2.3. Phénomènes et acquisition de la compétence sociolinguistique

2.3.3. La chute de la liquide /l/ dans « il(s) » suivi d’une consonne

L’élision de la liquide /l/ est un autre phénomène pouvant attester de l’acquisition de la compétence sociolinguistique et est une variable que Regan, Howard et Lemée (2009) caractérisent comme étant un exemple de variation phonologique. La liquide /l/ est omise dans des structures avec « il » telles que [iva] pour « il va », [ija] ou [ja] pour « il y a », ou celles avec « ils » comme dans [ipaʁt] pour « ils partent ». Mougeon, Nadasdi et Rehner (2002) mentionnent que la chute du /l/ dans le pronom sujet « il » suivi d’une consonne est un contexte particulièrement favorable à la chute de la liquide. Tout comme pour la chute du schwa dans

« je » suivi d’une consonne, la chute du /l/ dans « il(s) » suivi d’une consonne s’insère dans un phénomène variable plus large, qui est celui de la chute de la liquide /l/. Ce phénomène plus général ne sera pas non plus explicité ici et il ne sera ici question que de la chute du /l/ dans

« il » et « ils » suivis d’une consonne.

Cependant, d’un point de vue historique, il est intéressant de relever que, comme l’indique Howard (2006), les caractéristiques qui sont communément utilisées pour définir le phénomène général de la chute du /l/ se basent sur la distinction entre les registres formel et informel. L’effacement du /l/ relève en effet du registre informel, tandis que le maintien de la liquide relève du formel. Howard (2006) ajoute qu’en effet, l’effacement du /l/ est perçu par les

53 locuteurs natifs comme n’étant pas conforme au français standard, bien que ce phénomène soit attesté et observé presque systématiquement dans l’usage des locuteurs natifs. Armstrong (2002) souligne que l’effacement de la liquide dans « il » ou « ils » est peut-être également le résultat d’une assimilation entre le pronom sujet et la forme verbale déclinée. En effet, tout comme la chute du schwa dans « je » suivi d’une consonne, l’effacement du /l/ permettrait alors l’accolement du pronom sujet « il » ou « ils » avec le verbe et engendrerait ainsi la simplification de la prononciation. Regan, Howard et Lemée (2009) indiquent par ailleurs que ce phénomène est aussi en plein changement, ce qui renforce peut-être l’idée d’une évolution de la langue. Blanche-Benveniste (1997) mentionne, quant à elle, à propos de l’élision du /l/

préconsonantique qu’il est ancré dans la prononciation courante au point où il est aujourd’hui impossible de le considérer comme marginal.
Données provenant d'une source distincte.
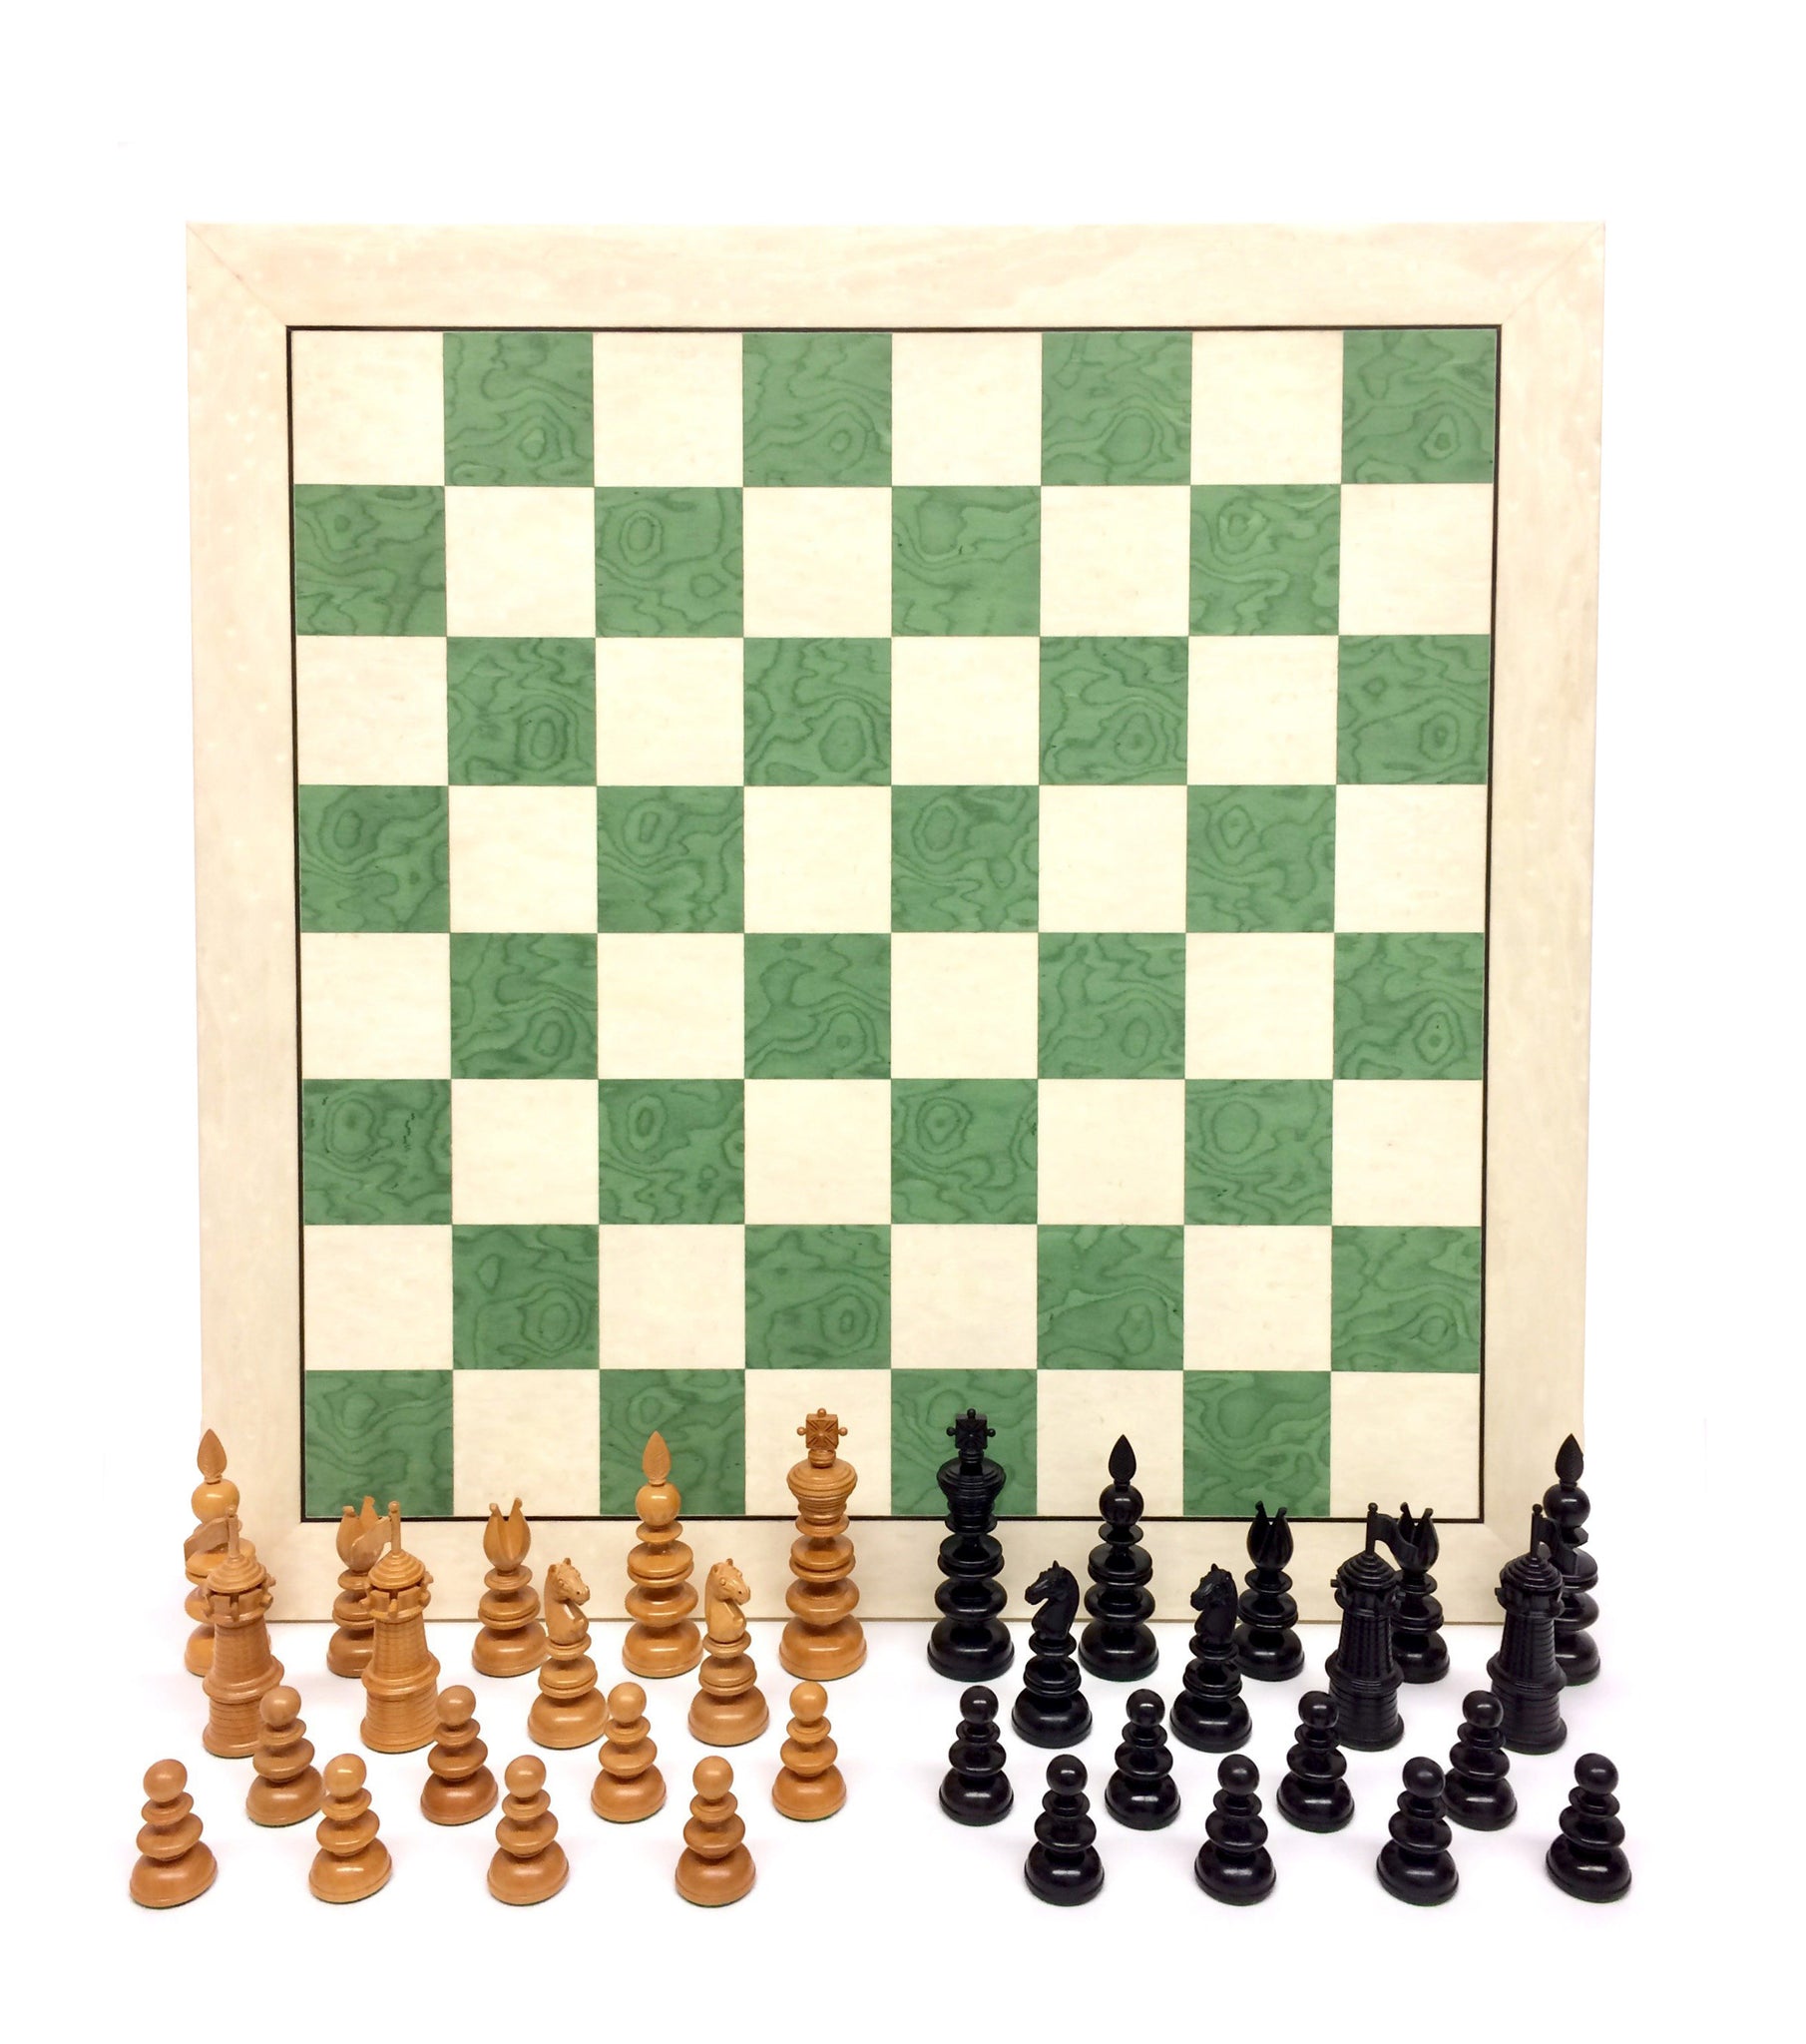 The 1820 Thomas Lund English Chess Pieces - The Camaratta

Concernant l’usage en français L1, l’étude de Poplack et Walker (1986) indique que les locuteurs de Ottawa et Montréal élident de façon catégorique la liquide dans « il » et « ils ». En France métropolitaine, l’étude d’Armstrong (1996) montre que les locuteurs adolescents suppriment de façon presque catégorique la liquide dans le pronom singulier « il ».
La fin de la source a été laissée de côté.